When employing hydraulic fracturing to fracture a hydrocarbon formation in an underground reservoir, large quantities of liquids and proppant materials are injected into the reservoir. At the end of the fracturing treatment, the fracture system and reservoir are completely saturated with the fracturing fluid. To be produced, oil and gas must either flow around or through the fracture fluid saturated rock and fracture system such that the fracture fluid must be sufficiently removed from the pathway in order to not impair flow. To remove the fracturing fluids from the reservoir and fractures, a pressure differential is induced within the wellbore to draw the fracturing fluids out of the reservoir and fractures. In this manner the fracturing fluids are removed, or flowed back until sustained, stable and sufficient oil and gas production is achieved.

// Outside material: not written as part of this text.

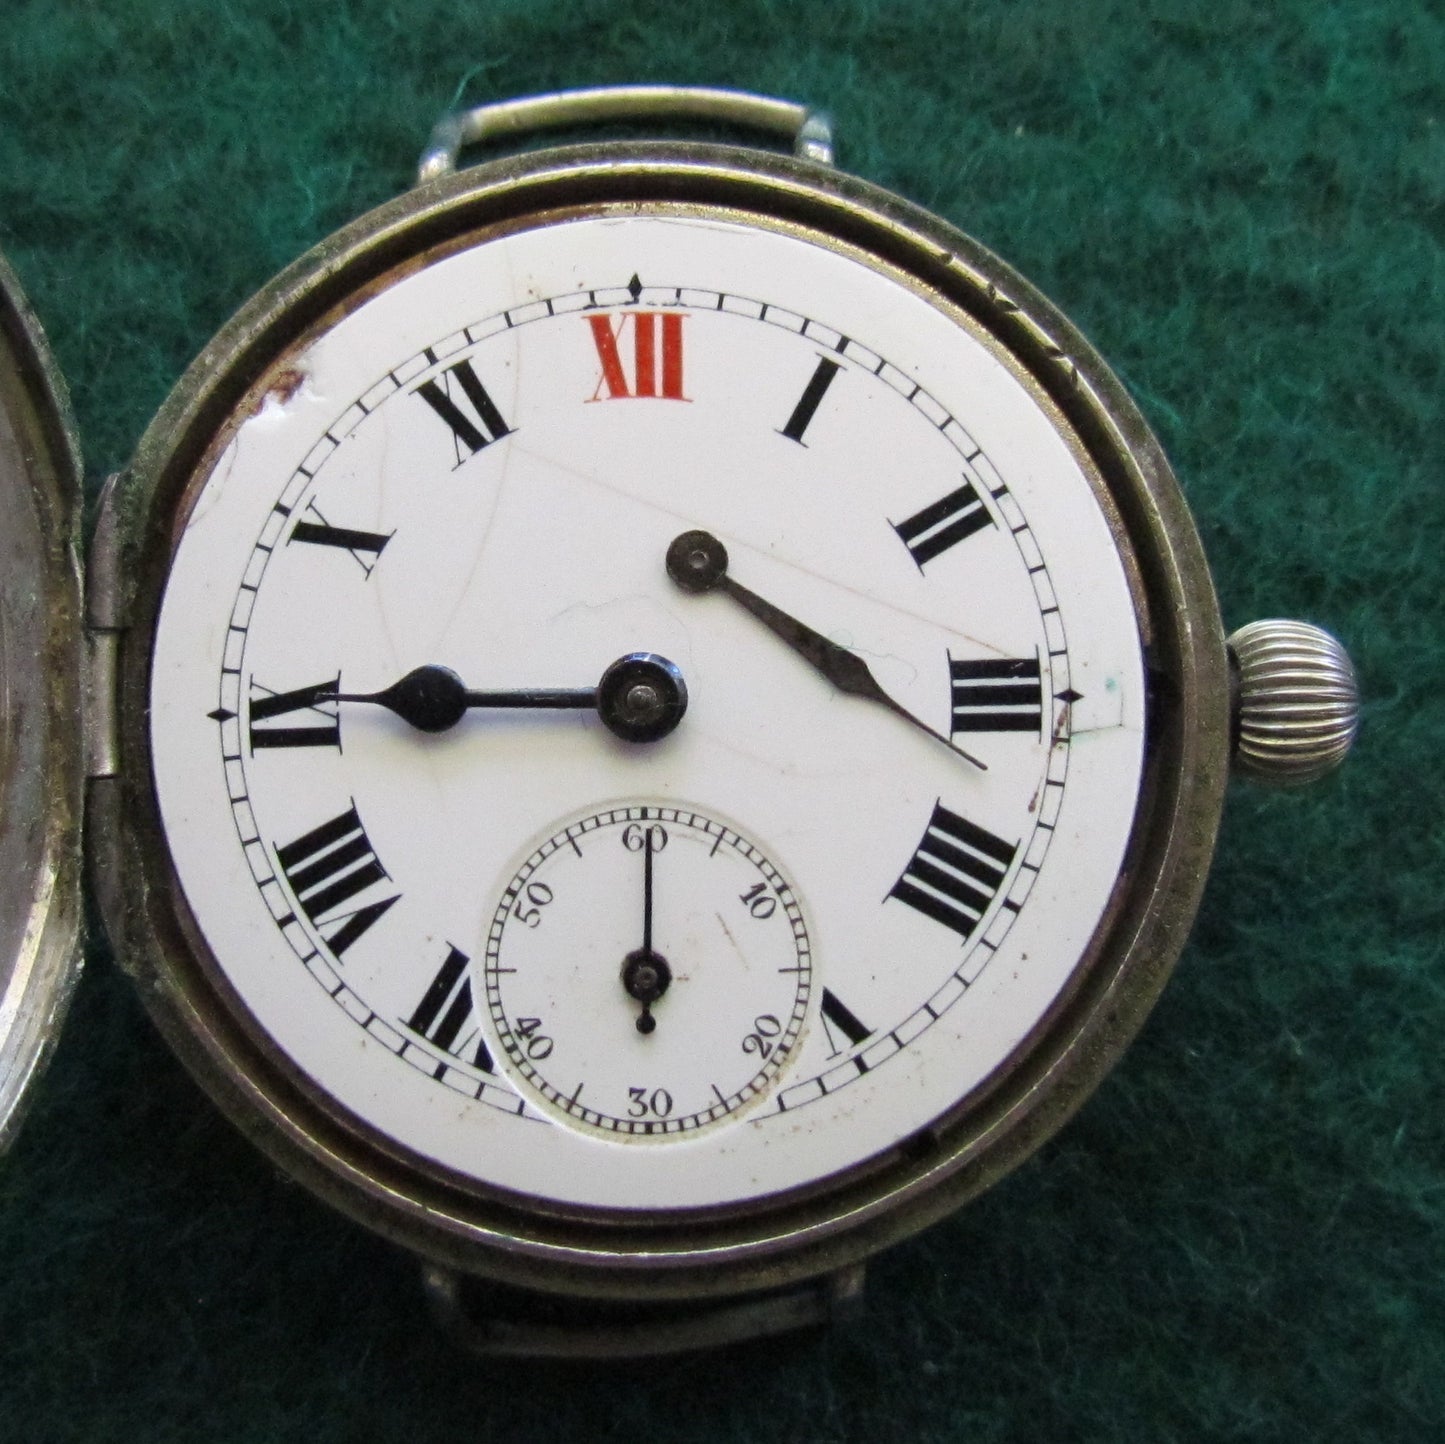 Nickle Plated Swiss Made Wristwatch 33.6mm Case Diameter

Once the well is placed on production, the flow of native reservoir fluids is directed from the well to a processing facility where the produced fluids are processed to a suitable specification for sales or reuse in some manner. Processing at the processing facility for natural gas may include liquids separation, dehydration, natural gas liquids capture, compression, plus contaminates removal for components such as carbon dioxide, nitrogen, sulfur, hydrogen sulfide and oxygen. The processing facility can be located in the vicinity of the wellbore or a remote location and fluidly coupled to the wellbore by a pipeline. Further, the processing facility may be applied to process native reservoir fluids from a single well, or multiple wells.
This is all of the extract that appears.